**The problem:** Give an unaltered copy of the listing below, minus its pictures.

**Raw data:**
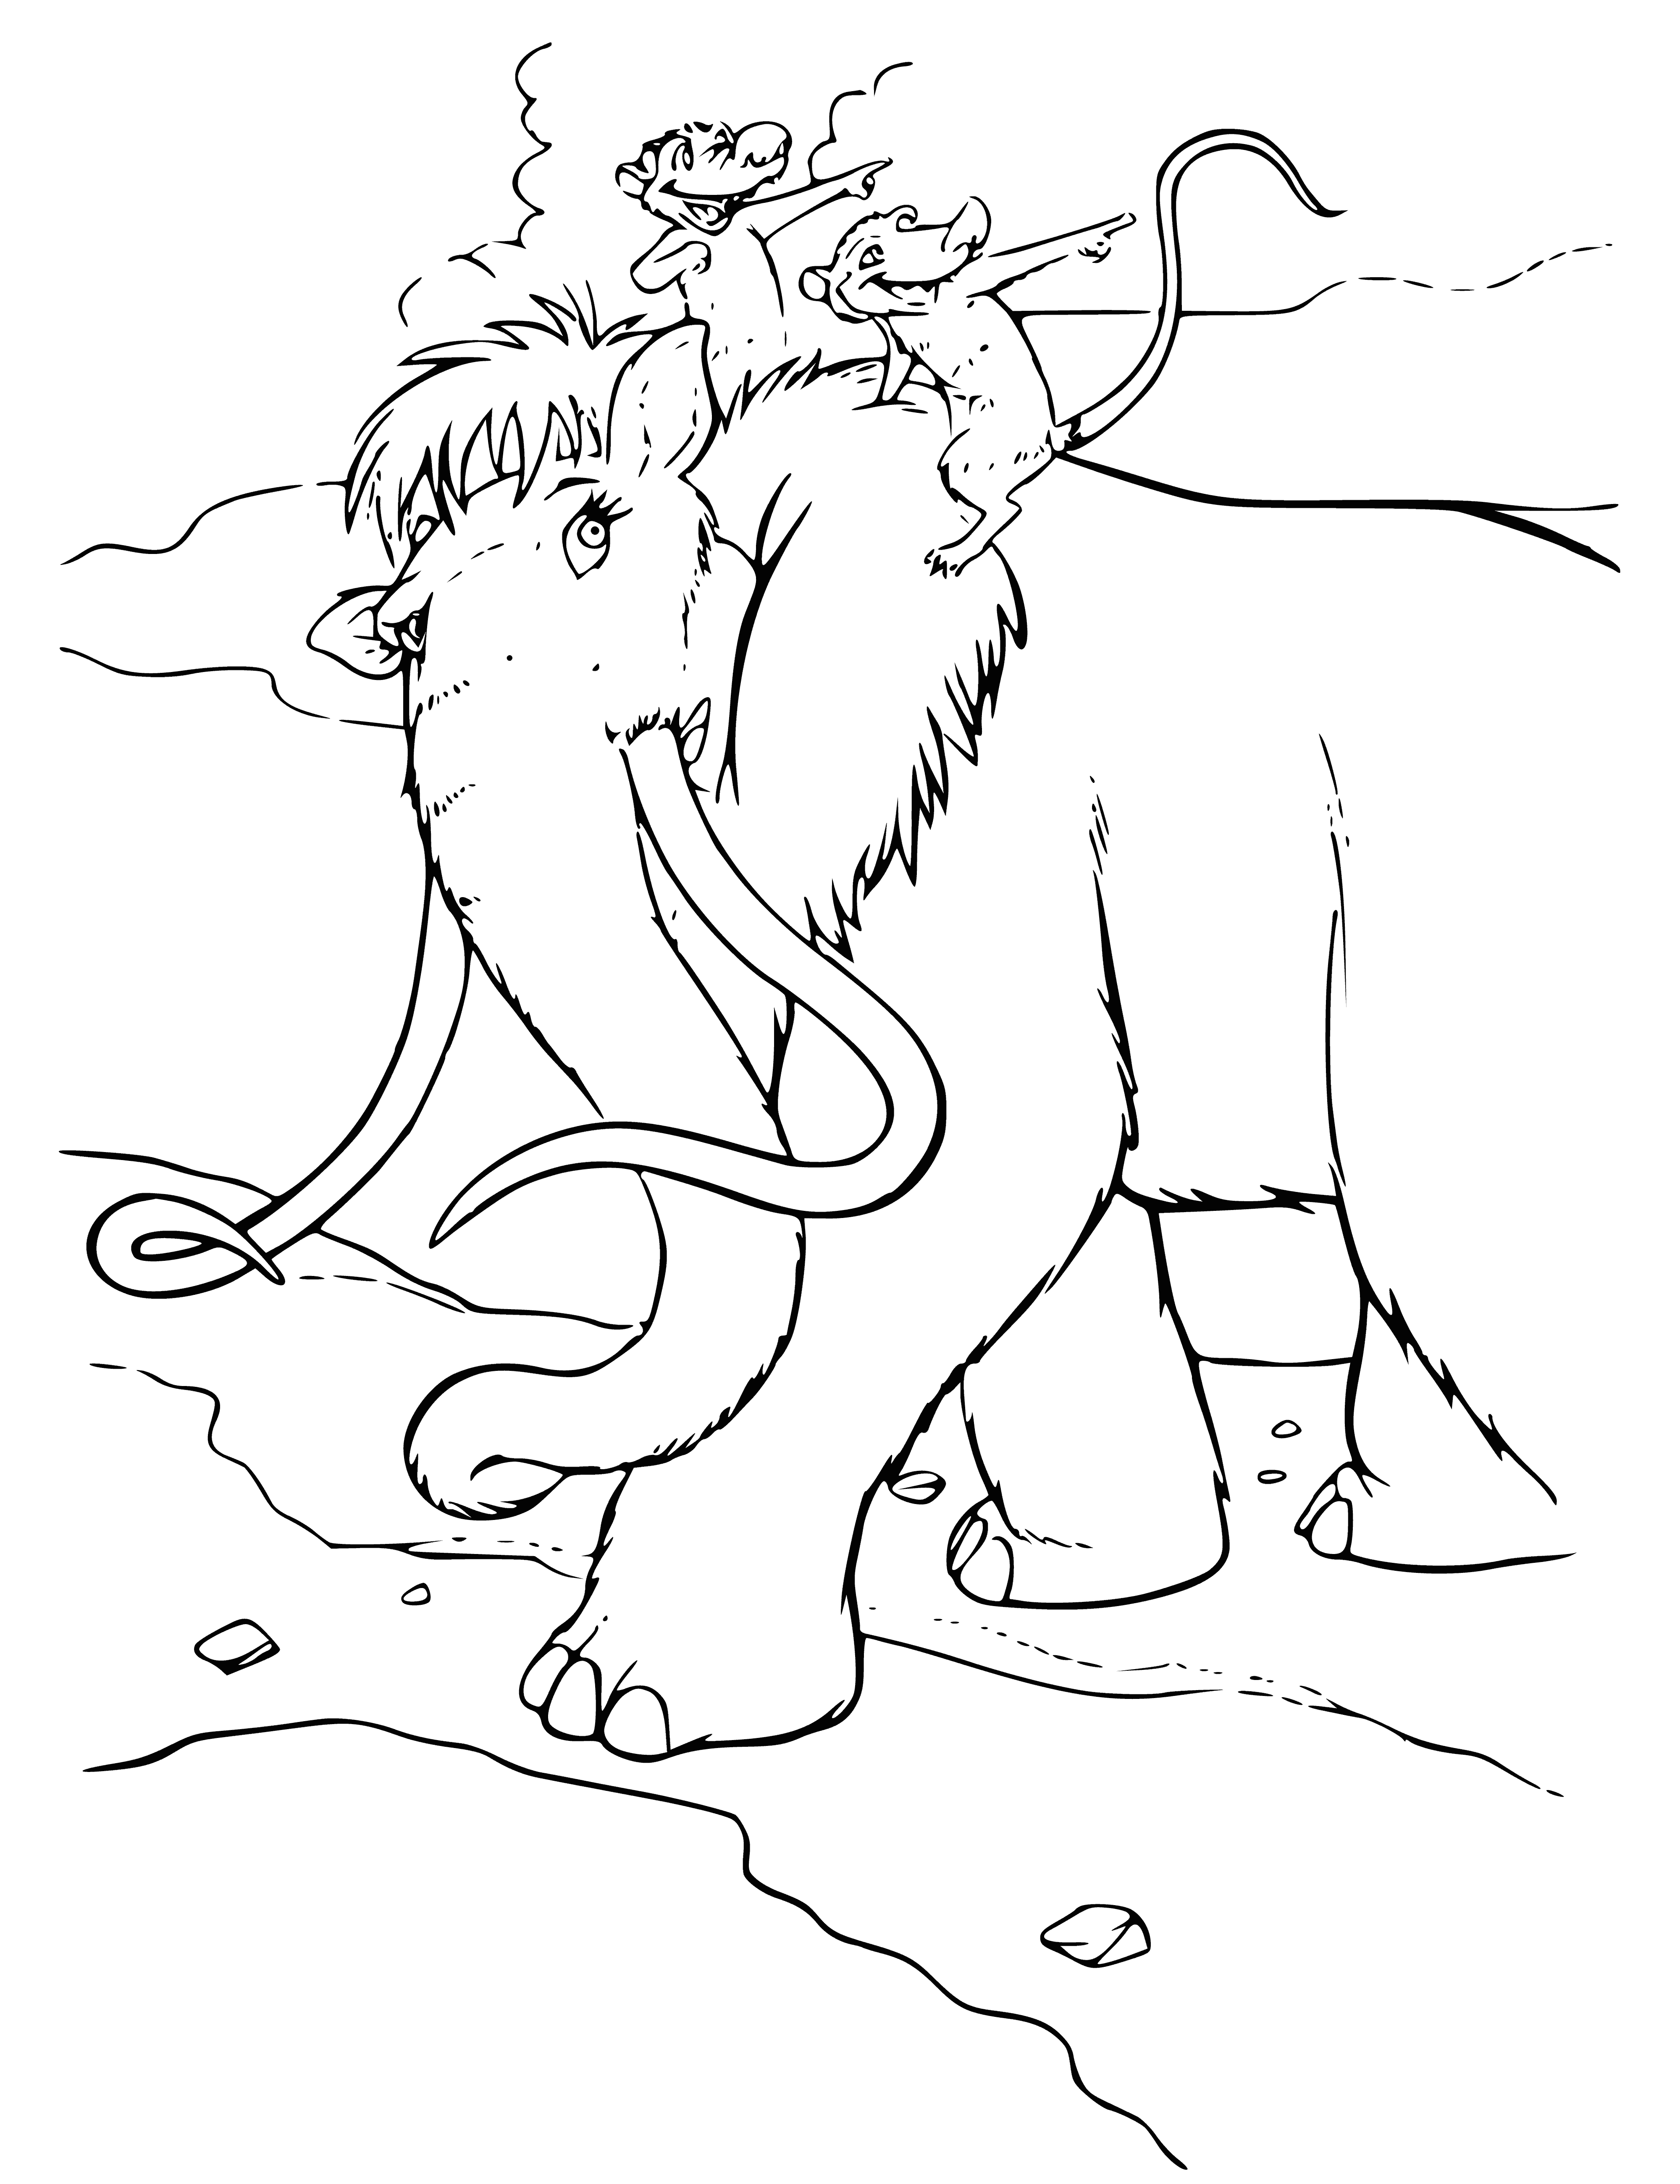 coloring page: Crash and Eddie have an exciting time riding a mammoth amid icy, snow-capped mountains.
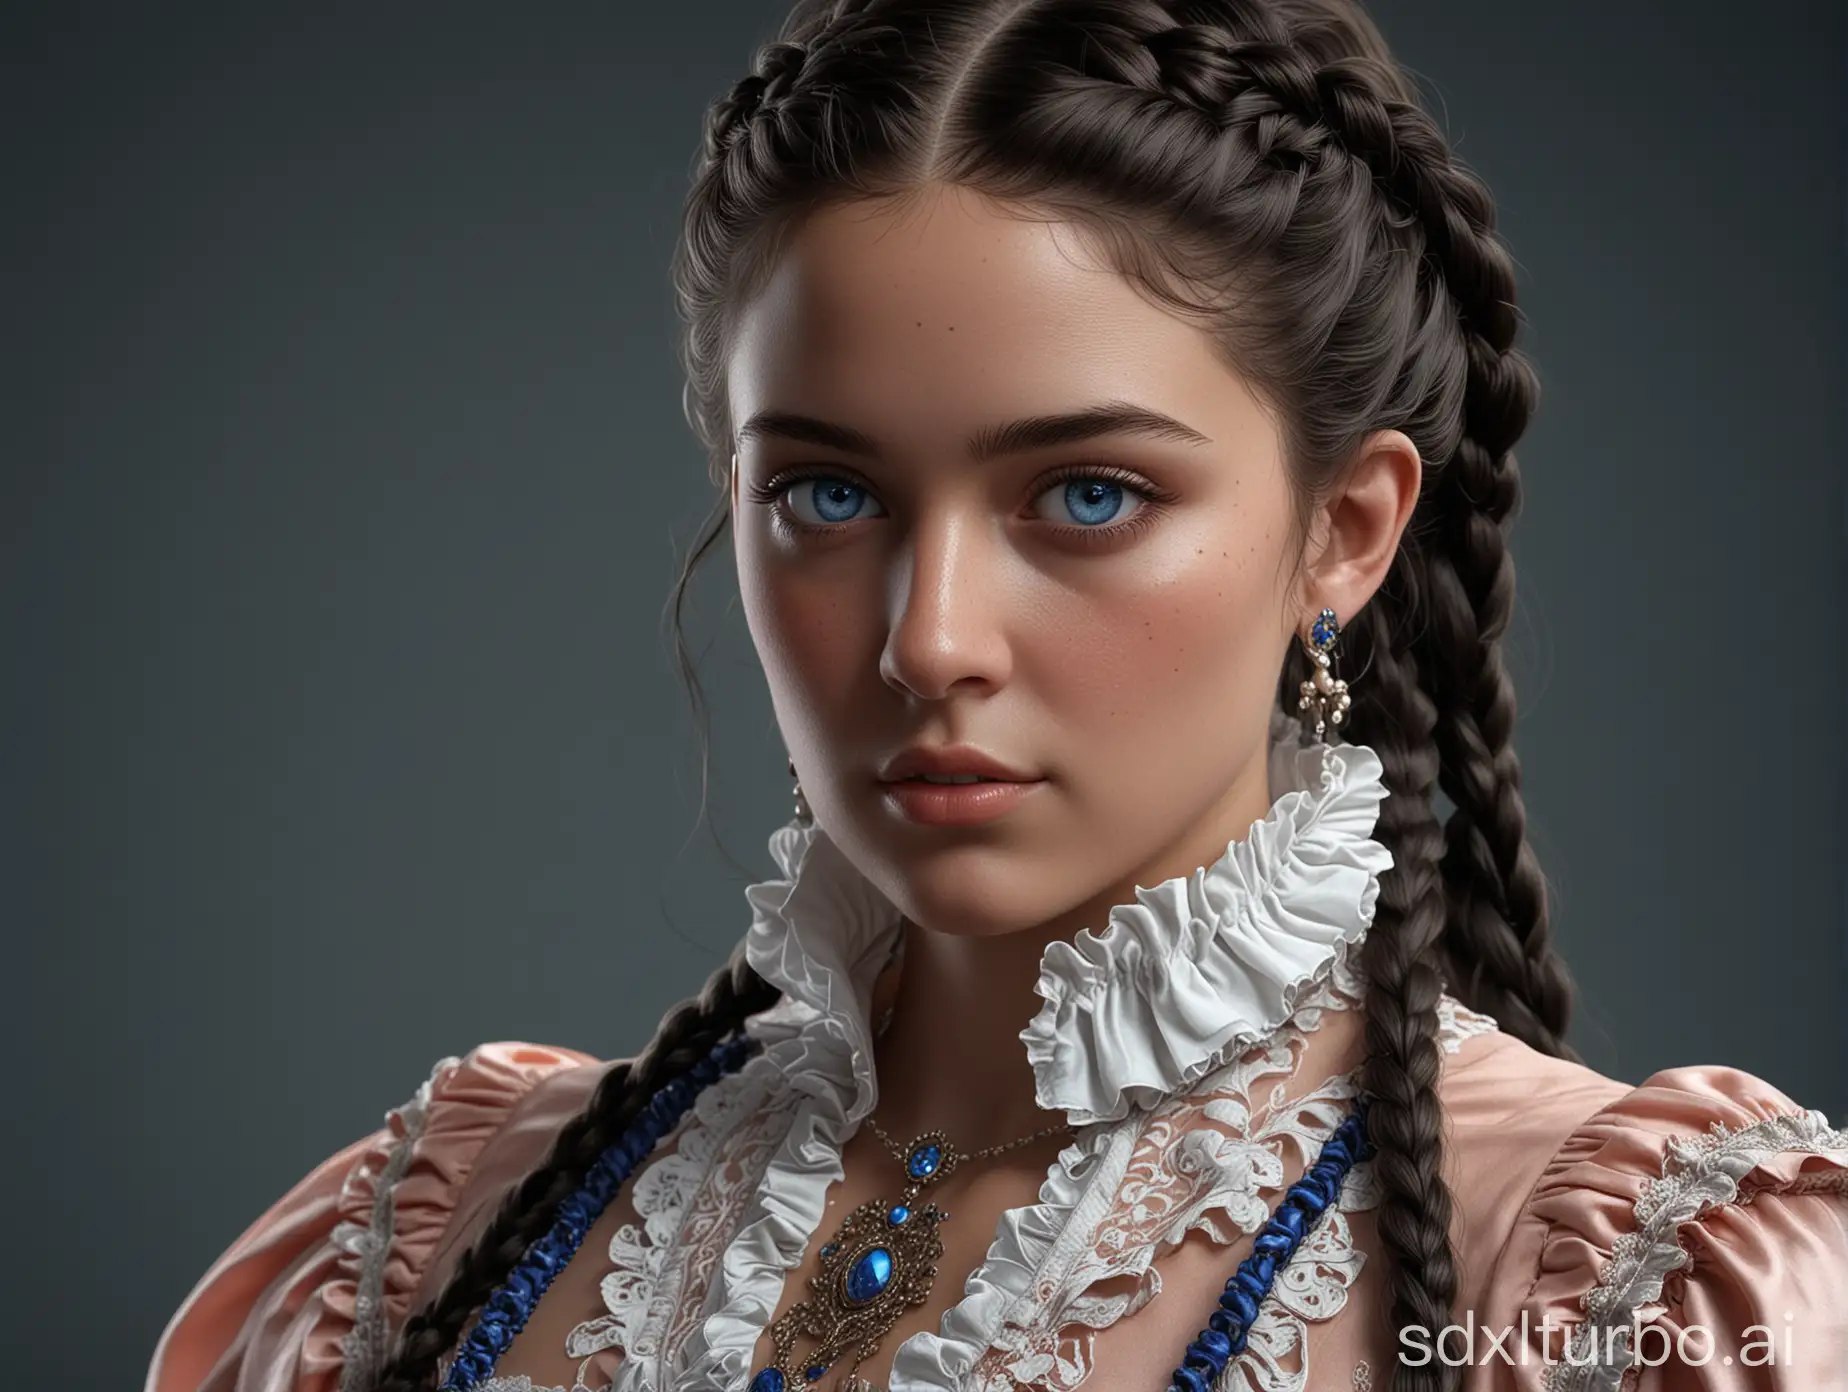 Louis-XIV-Style-French-Girl-Portrait-Masterpiece-Concept-Art-with-Intricate-Details
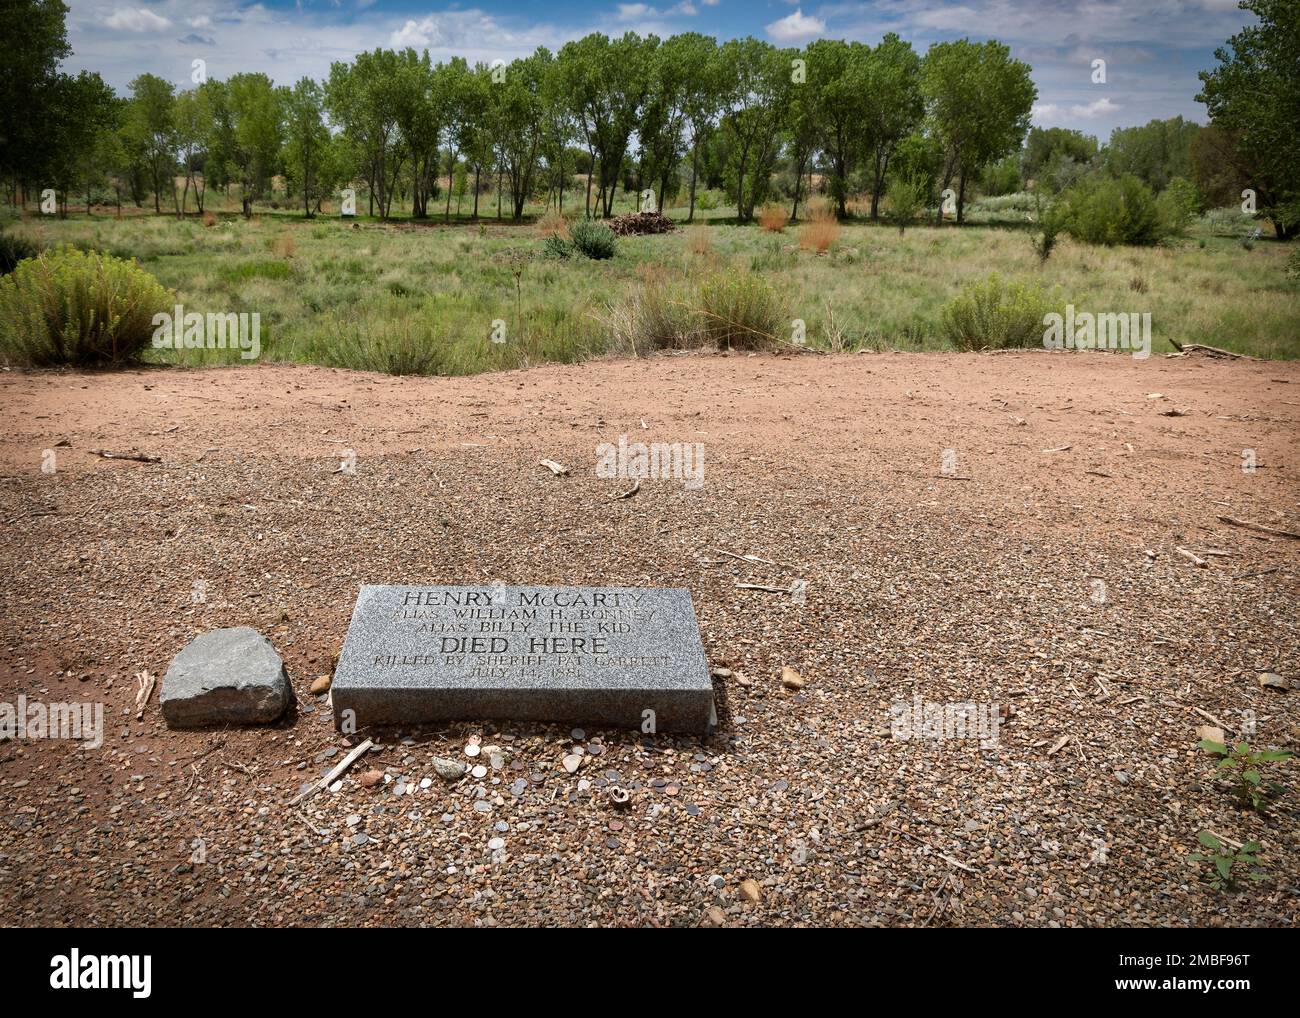 This stone marks the spot where Henry McCarty, aka William H. Bonney, and Billy the Kid died at the Maxwell Ranch in Fort Sumner, New Mexico. Stock Photo

**Expected output:**
 coloring page: Crash and Eddie have an exciting time riding a mammoth amid icy, snow-capped mountains.
 Louis-XIV-Style-French-Girl-Portrait-Masterpiece-Concept-Art-with-Intricate-Details
 This stone marks the spot where Henry McCarty, aka William H. Bonney, and Billy the Kid died at the Maxwell Ranch in Fort Sumner, New Mexico. Stock Photo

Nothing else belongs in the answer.